Вильяра слушает и расспрашивает на ходу, а сама дышит всё тяжелее, замедляет шаги, на лице блестит испарина. Мудрая устала, выдохлась и больше не пытается — или не может — этого скрывать.

— Ты бы, что ли, оперлась на меня? — подставляет ей плечо охотница и слегка дерзит. — А то ведь, гляди, не дойдёшь!

Вместо того, чтобы осадить Тунью, мудрая благодарит — и принимает помощь! То есть, конечно, она не повисла на Тунье всем весом, но опора ей нужна, правда. Хозяйке дома уже не до злорадства, не до зависти: растеряла их где-то по пути. А сочувствие осталось. И чего бы двум женщинам ни поплакаться друг другу, ни поделиться сомнениями и тревогами?

***

Знакомые коридоры, лестницы: всё вверх и вверх. Вильяра еле ноги волочит, да ещё Тунья под боком, как больной зуб: приходится заговаривать её прямо на ходу. Расклады-то в доме невесёлые, старшей кузнецовой жене есть, отчего тревожиться и злиться. Если подумать, обе женщины получили от судьбы вовсе не те дары, о которых мечтали. А едва освоились, едва вошли во вкус — судьба норовит отобрать дарёное. Посмеяться бы, да больно уж плакать хочется!

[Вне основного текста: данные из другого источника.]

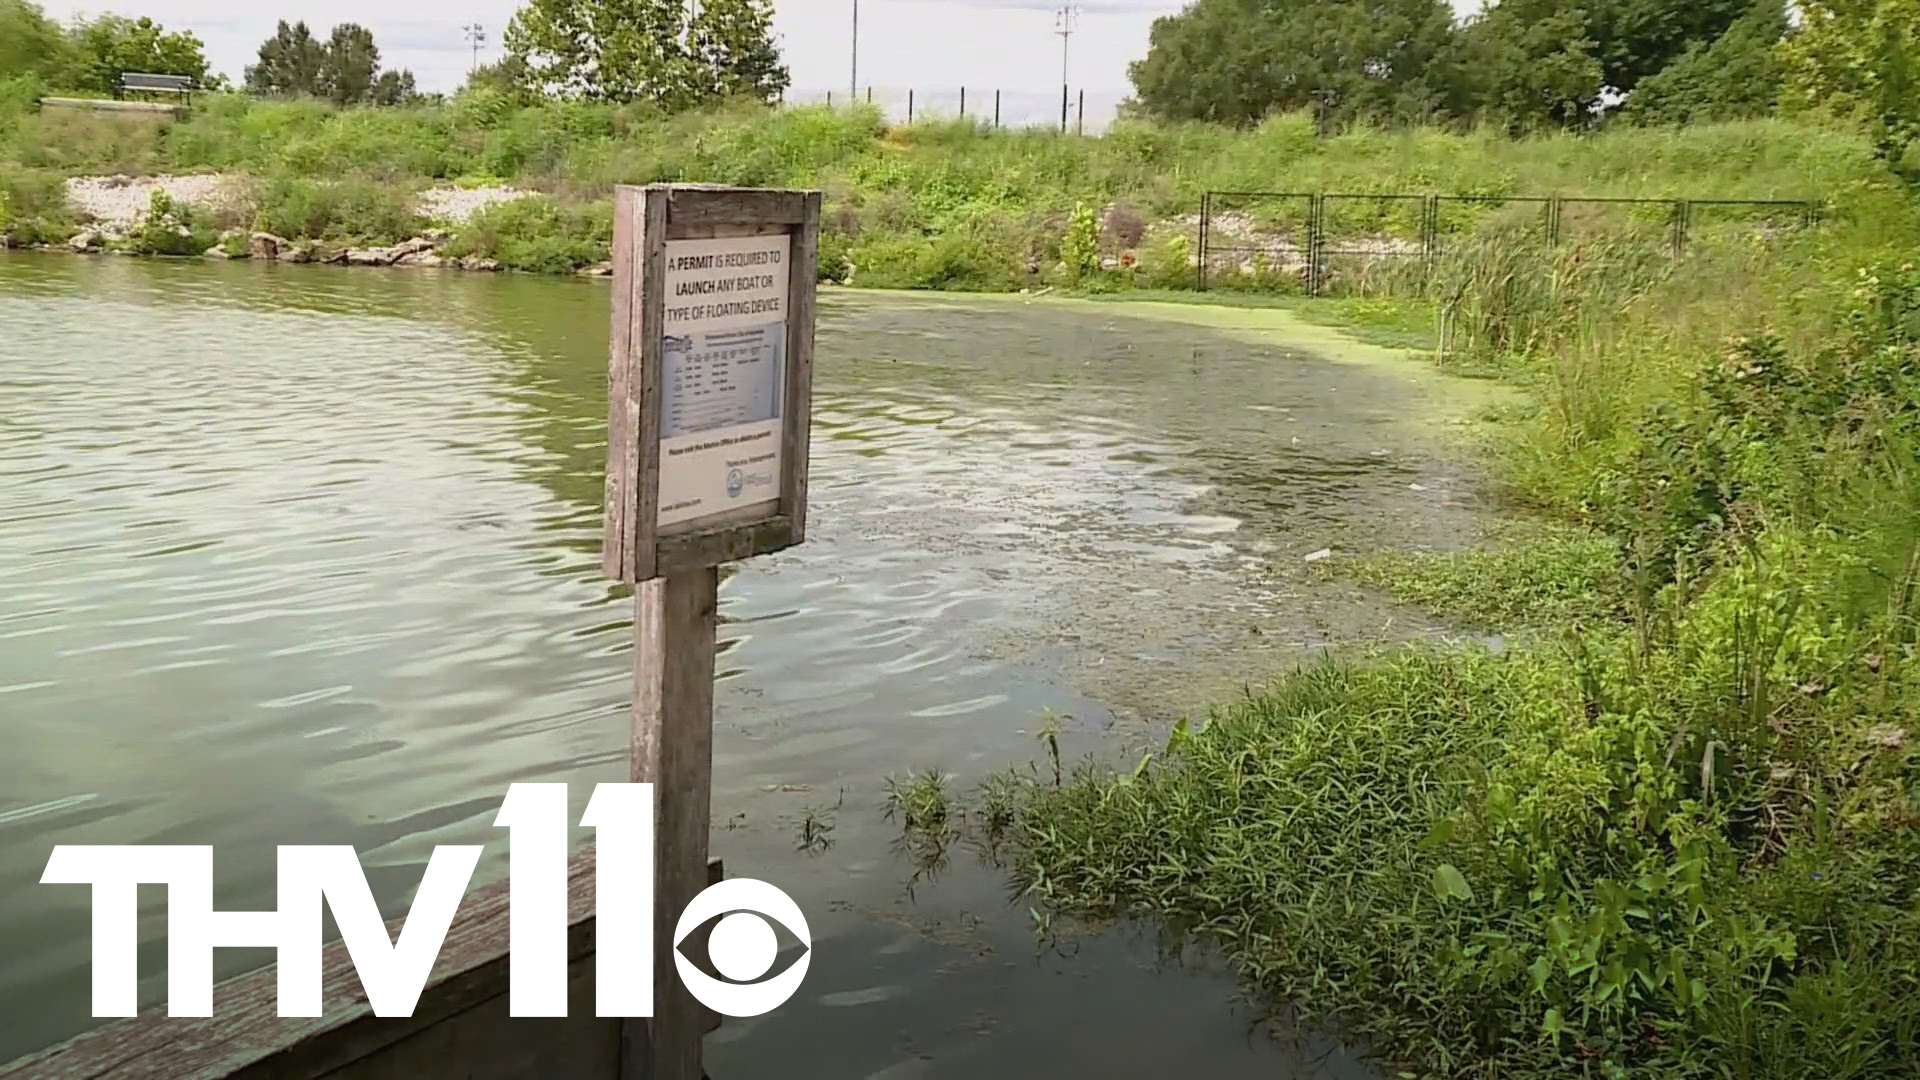 Harmful algal blooms can provide a myriad of toxins. More specifically, Lake Fayetteville has become susceptible to a liver toxin and possible human carcinogen.
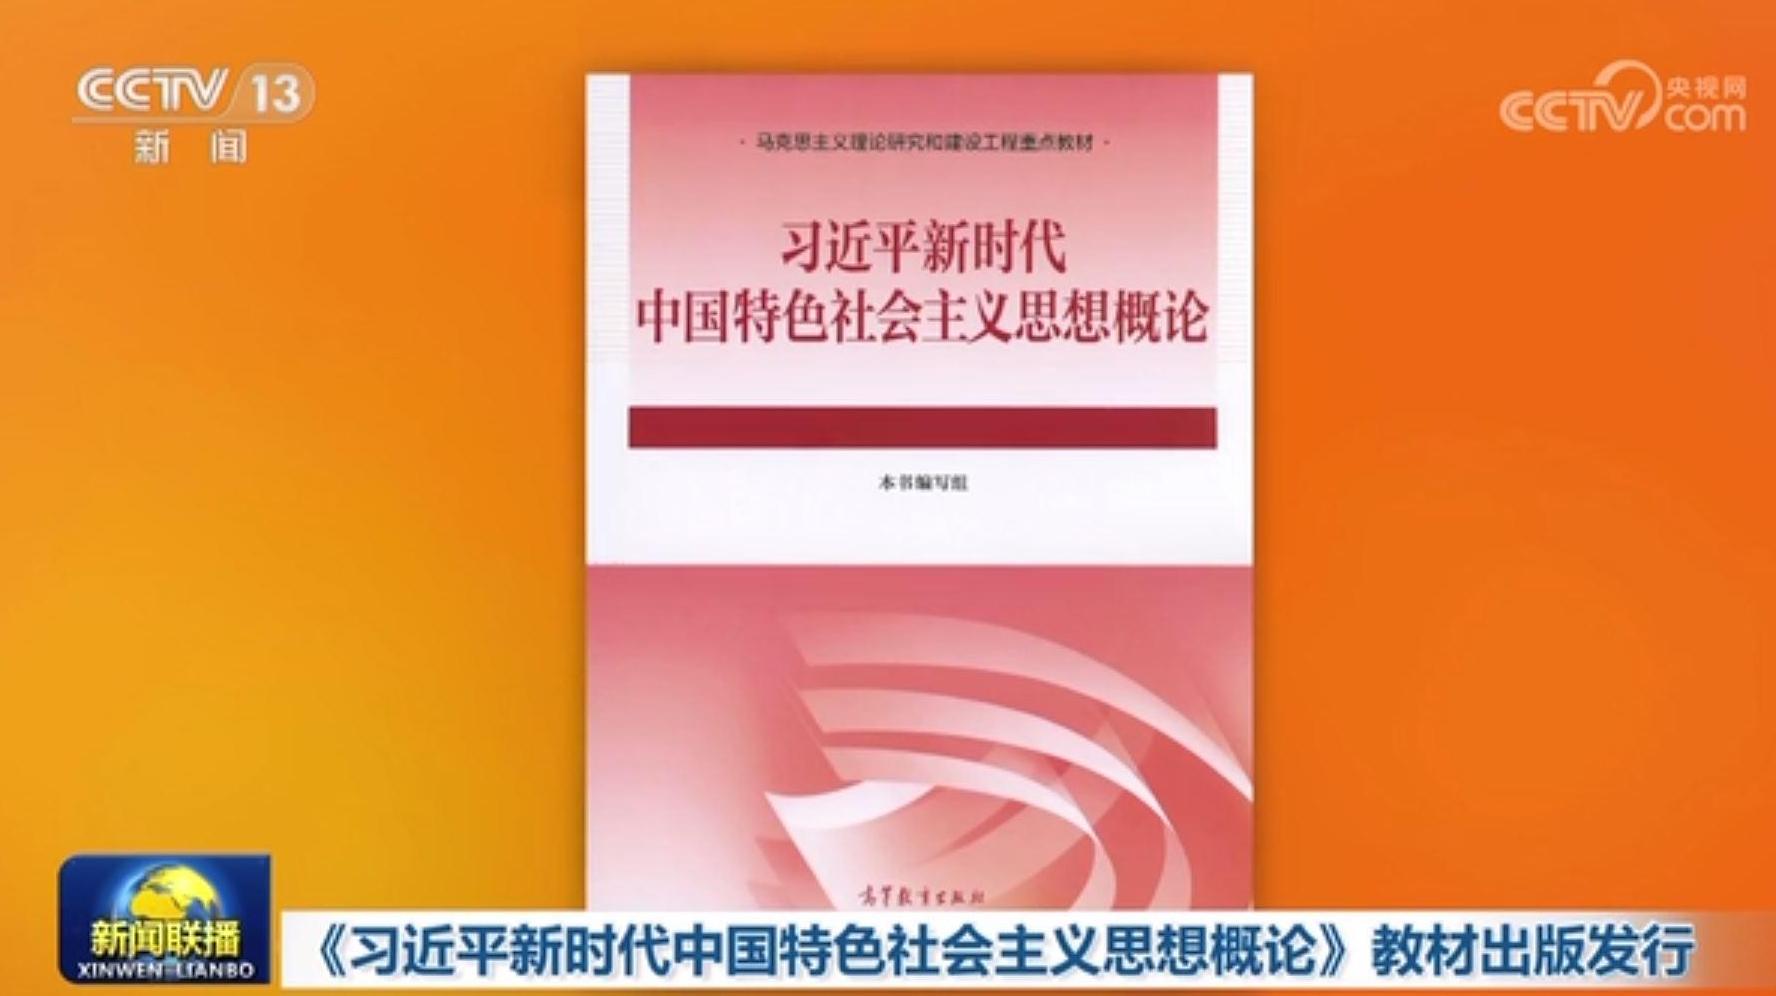 China publishes higher education textbook on Xi thought

Мудрая опирается на плечо Туньи не потому, что ей совсем невмоготу идти самой, а для пущей доверительности беседы. Тело к телу, и пусть охотница ощущает себя более сильной. Побольше хрипоты в голос, и тоже плакаться, не скрывая трудностей служения… Да, Лемба любезен им обеим! Именно потому Вильяра никогда не оскорбит его принуждением. Она подарит кузнецу то, чего не было у неё самой: право выбора. Чуть больше выбора, чем обычно! Раз уж хранительница клана выжила и вернулась, Совет оставит за ней последнее слово, кого посвящать. А решение она примет, заглянув в глаза предизбранным, поговорив с каждым. Лемба сам ступит на путь мудрого — или останется в доме, со своими жёнами и кузницей…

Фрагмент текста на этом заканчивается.